• Exercise aim: Take every line containing "Thursday" out of the records.

• Input data:

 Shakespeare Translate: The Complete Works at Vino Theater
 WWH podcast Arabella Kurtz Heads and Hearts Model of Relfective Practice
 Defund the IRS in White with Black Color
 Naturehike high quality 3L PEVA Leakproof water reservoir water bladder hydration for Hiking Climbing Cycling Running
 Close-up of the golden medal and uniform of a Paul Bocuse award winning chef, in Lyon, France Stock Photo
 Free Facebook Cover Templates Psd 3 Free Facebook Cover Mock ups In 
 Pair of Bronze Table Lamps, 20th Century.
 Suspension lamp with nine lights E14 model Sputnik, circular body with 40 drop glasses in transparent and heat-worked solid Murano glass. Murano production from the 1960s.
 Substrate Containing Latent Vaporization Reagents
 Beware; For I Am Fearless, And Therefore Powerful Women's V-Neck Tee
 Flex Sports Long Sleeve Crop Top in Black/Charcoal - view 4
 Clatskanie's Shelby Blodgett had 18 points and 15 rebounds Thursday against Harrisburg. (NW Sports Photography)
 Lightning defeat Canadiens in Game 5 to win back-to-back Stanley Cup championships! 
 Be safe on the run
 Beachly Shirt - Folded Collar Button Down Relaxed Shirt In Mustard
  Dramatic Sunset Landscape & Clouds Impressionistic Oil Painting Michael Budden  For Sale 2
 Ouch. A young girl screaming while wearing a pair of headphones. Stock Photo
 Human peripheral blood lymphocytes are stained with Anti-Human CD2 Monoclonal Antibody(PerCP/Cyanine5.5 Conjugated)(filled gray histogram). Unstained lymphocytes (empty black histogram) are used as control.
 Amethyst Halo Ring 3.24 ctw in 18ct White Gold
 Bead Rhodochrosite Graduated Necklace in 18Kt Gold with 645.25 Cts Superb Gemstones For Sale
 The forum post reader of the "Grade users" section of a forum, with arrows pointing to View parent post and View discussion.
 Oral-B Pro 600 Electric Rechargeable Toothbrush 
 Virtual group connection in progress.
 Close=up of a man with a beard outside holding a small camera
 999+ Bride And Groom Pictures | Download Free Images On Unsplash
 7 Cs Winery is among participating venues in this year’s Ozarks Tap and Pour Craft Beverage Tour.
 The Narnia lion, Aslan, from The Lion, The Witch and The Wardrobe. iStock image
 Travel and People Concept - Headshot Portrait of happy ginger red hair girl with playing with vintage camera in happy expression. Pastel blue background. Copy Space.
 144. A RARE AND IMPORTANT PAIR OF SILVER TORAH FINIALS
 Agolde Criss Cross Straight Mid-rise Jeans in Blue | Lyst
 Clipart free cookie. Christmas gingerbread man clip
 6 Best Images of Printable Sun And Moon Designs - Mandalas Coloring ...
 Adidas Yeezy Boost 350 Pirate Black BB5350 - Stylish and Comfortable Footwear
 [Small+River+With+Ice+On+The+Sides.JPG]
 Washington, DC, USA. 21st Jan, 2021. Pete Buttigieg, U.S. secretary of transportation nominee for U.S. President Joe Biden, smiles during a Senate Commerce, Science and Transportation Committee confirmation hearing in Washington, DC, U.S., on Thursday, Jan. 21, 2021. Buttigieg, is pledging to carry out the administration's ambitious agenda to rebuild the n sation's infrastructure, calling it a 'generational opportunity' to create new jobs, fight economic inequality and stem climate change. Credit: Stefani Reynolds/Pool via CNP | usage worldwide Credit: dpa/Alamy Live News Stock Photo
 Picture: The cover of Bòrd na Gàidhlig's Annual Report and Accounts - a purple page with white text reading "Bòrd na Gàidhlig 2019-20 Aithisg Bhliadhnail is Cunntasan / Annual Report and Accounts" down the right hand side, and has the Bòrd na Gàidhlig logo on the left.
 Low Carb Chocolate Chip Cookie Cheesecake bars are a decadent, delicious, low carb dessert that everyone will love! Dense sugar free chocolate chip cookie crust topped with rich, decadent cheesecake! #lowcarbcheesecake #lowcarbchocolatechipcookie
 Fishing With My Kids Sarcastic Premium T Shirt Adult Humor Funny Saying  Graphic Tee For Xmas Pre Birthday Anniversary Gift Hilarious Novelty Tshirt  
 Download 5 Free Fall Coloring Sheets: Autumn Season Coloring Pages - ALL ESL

• Completed exercise:
 Clatskanie's Shelby Blodgett had 18 points and 15 rebounds Thursday against Harrisburg. (NW Sports Photography)
 Washington, DC, USA. 21st Jan, 2021. Pete Buttigieg, U.S. secretary of transportation nominee for U.S. President Joe Biden, smiles during a Senate Commerce, Science and Transportation Committee confirmation hearing in Washington, DC, U.S., on Thursday, Jan. 21, 2021. Buttigieg, is pledging to carry out the administration's ambitious agenda to rebuild the n sation's infrastructure, calling it a 'generational opportunity' to create new jobs, fight economic inequality and stem climate change. Credit: Stefani Reynolds/Pool via CNP | usage worldwide Credit: dpa/Alamy Live News Stock Photo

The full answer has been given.